WHAT TO DO:
Reproduce the listing below exactly. Pictures do not belong in the copy.

(INFORMATION SHOWN)

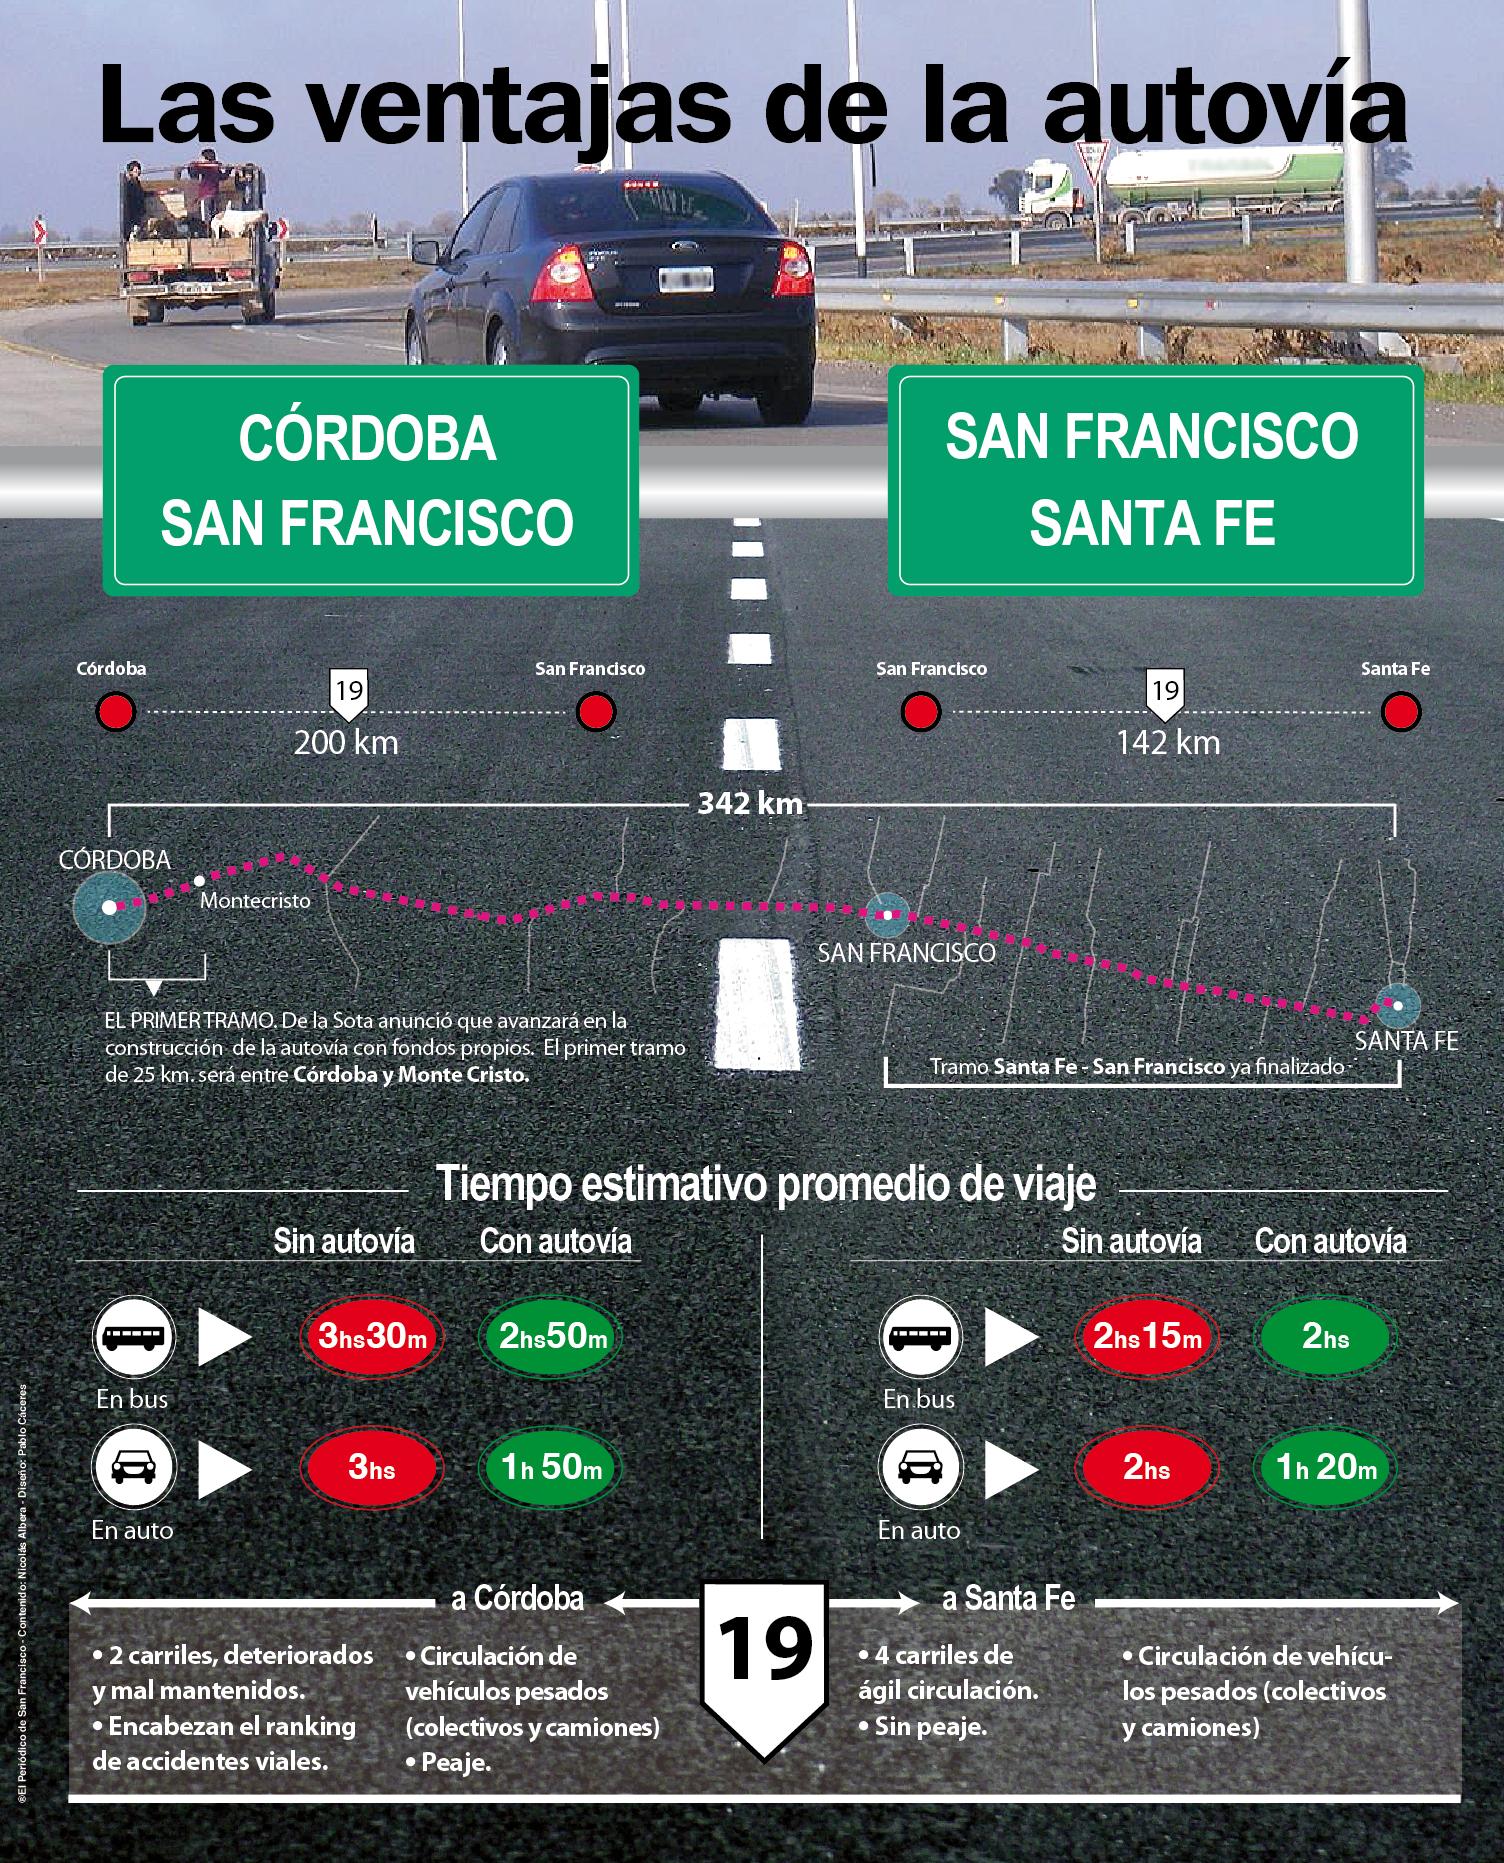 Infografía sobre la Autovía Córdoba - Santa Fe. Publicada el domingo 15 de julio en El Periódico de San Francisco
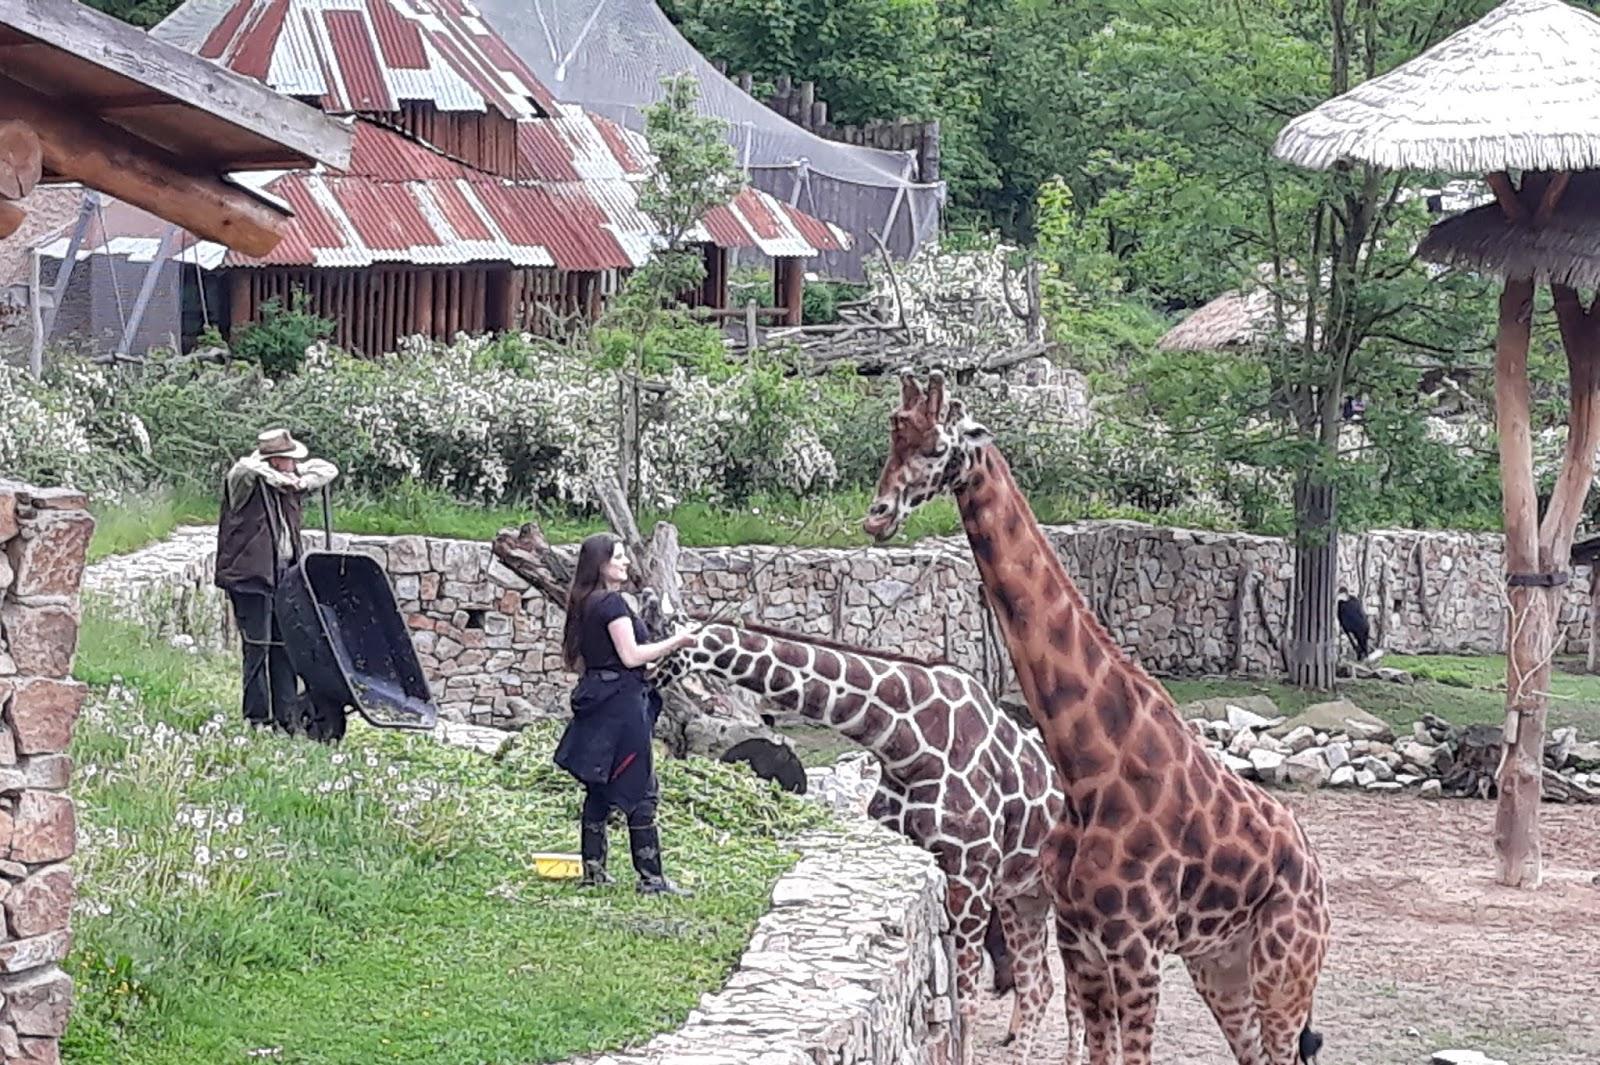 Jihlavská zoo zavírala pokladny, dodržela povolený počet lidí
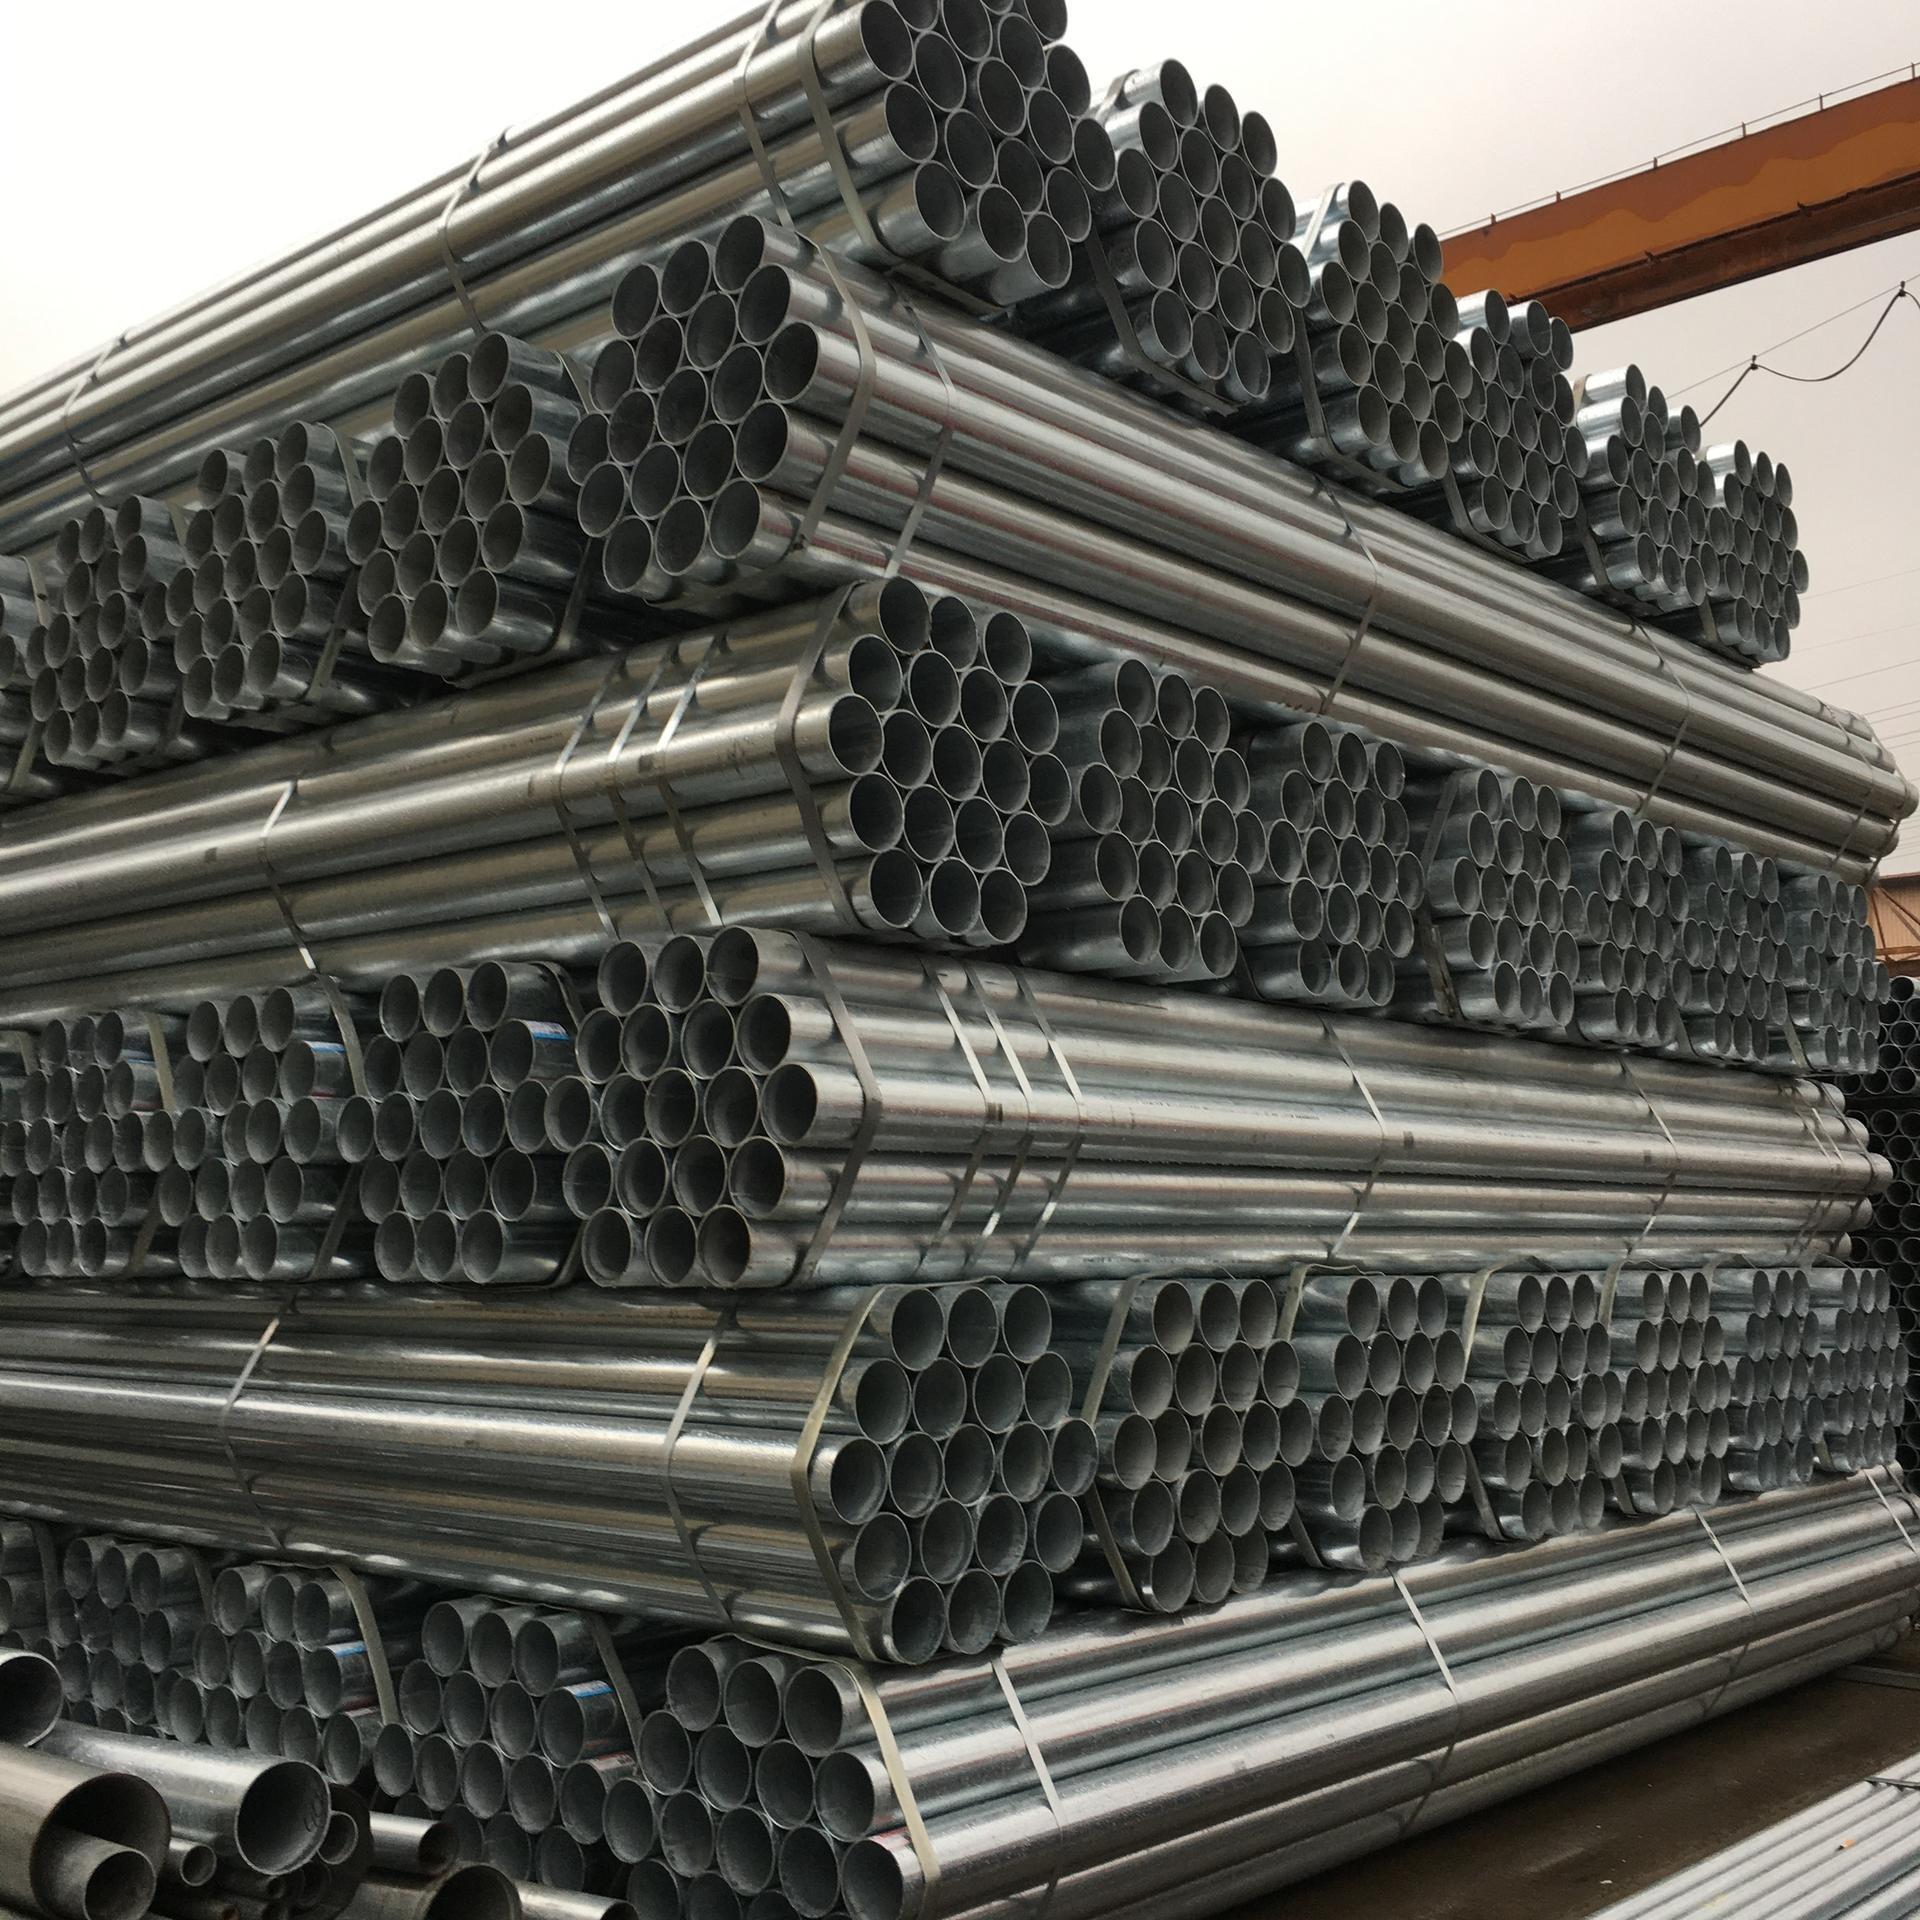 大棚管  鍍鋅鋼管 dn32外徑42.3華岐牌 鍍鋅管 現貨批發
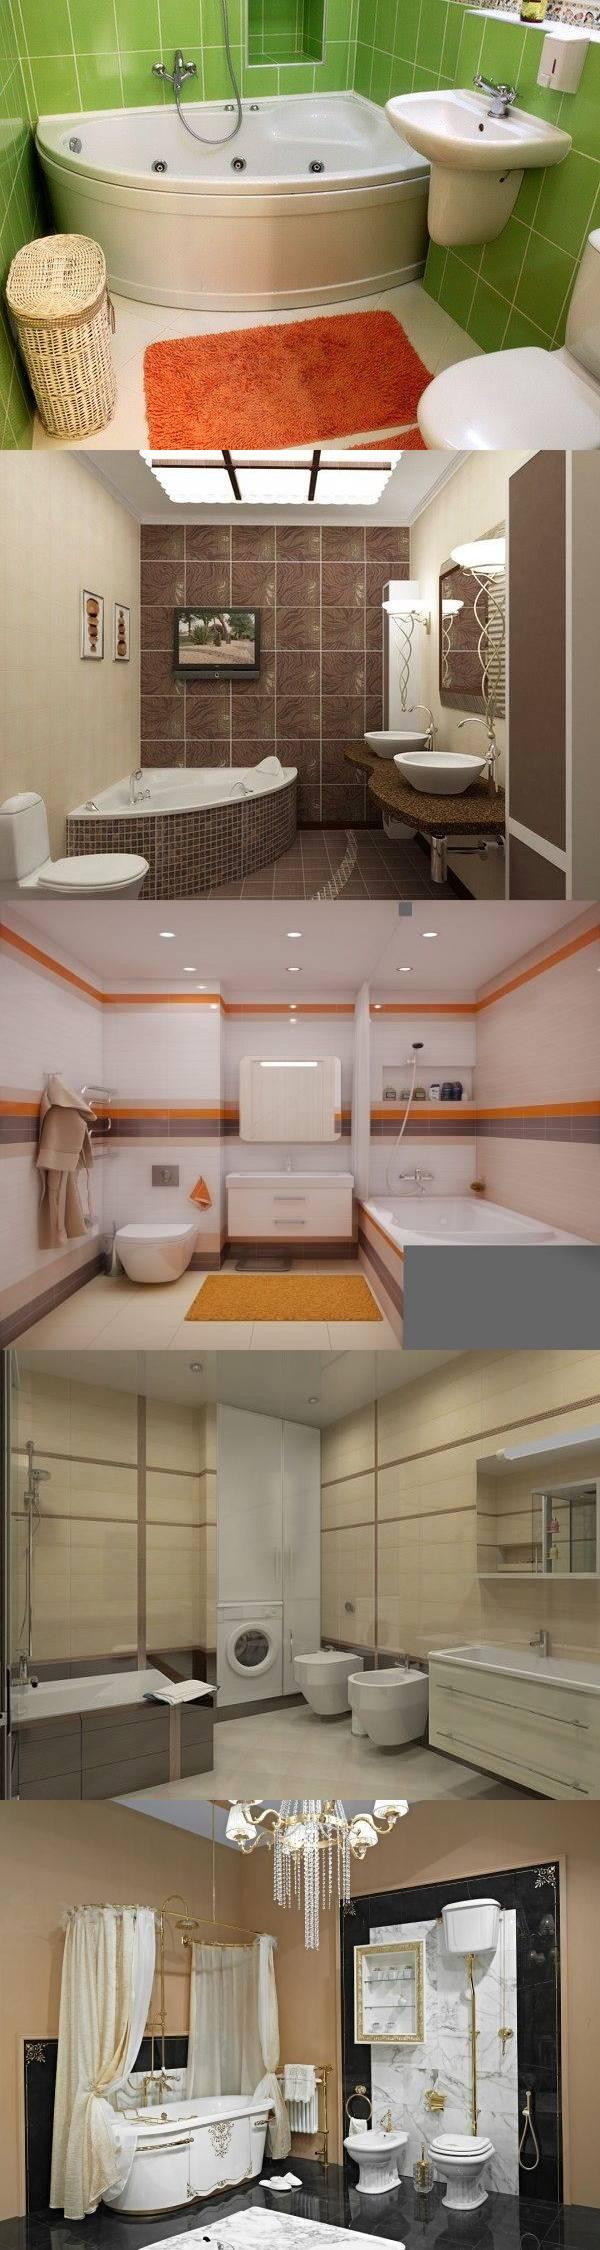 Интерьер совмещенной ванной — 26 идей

(End INFORMATION SHOWN)

SOLVED PROBLEM:
 Infografía sobre la Autovía Córdoba - Santa Fe. Publicada el domingo 15 de julio en El Periódico de San Francisco
 Jihlavská zoo zavírala pokladny, dodržela povolený počet lidí
 大棚管  鍍鋅鋼管 dn32外徑42.3華岐牌 鍍鋅管 現貨批發
 Интерьер совмещенной ванной — 26 идей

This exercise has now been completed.